> _ASSIGNMENT_:
Consider the entries below. Count the lines holding the string "Sleeve" and state the number only.

> _SUPPLIED MATERIAL_:
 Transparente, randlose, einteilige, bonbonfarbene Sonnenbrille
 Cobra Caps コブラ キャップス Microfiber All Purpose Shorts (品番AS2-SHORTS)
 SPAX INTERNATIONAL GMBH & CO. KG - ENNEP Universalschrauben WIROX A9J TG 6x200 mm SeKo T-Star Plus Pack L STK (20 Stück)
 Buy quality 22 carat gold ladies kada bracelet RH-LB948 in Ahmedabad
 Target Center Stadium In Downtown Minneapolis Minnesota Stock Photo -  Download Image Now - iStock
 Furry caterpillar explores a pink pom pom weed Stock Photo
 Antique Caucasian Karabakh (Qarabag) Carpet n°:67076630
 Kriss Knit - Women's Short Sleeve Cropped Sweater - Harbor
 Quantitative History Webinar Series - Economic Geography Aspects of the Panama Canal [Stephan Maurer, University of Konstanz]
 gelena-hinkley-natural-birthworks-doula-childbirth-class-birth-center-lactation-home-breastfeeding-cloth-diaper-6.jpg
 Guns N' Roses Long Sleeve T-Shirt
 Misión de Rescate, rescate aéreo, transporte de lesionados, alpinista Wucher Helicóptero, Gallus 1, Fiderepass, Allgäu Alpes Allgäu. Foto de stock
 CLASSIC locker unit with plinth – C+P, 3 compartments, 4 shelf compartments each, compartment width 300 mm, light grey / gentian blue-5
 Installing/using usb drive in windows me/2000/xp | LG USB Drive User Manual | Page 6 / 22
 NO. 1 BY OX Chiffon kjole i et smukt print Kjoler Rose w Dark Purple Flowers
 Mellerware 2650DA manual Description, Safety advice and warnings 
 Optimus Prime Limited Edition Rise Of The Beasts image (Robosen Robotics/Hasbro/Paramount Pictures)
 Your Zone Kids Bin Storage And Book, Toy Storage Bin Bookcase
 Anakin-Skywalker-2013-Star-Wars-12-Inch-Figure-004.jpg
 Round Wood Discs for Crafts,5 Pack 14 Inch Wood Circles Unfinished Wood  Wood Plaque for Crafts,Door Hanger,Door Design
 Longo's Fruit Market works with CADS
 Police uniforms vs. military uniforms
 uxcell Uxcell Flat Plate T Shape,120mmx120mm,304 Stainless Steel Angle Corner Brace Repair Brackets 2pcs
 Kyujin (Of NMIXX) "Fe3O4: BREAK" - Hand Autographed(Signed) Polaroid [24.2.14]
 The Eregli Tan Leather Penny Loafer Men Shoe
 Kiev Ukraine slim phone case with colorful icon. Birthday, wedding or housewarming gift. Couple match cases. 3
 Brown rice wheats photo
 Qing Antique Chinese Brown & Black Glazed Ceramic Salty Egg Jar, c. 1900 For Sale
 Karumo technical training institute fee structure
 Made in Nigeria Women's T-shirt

> _RESULT OF THIS EXERCISE_:
2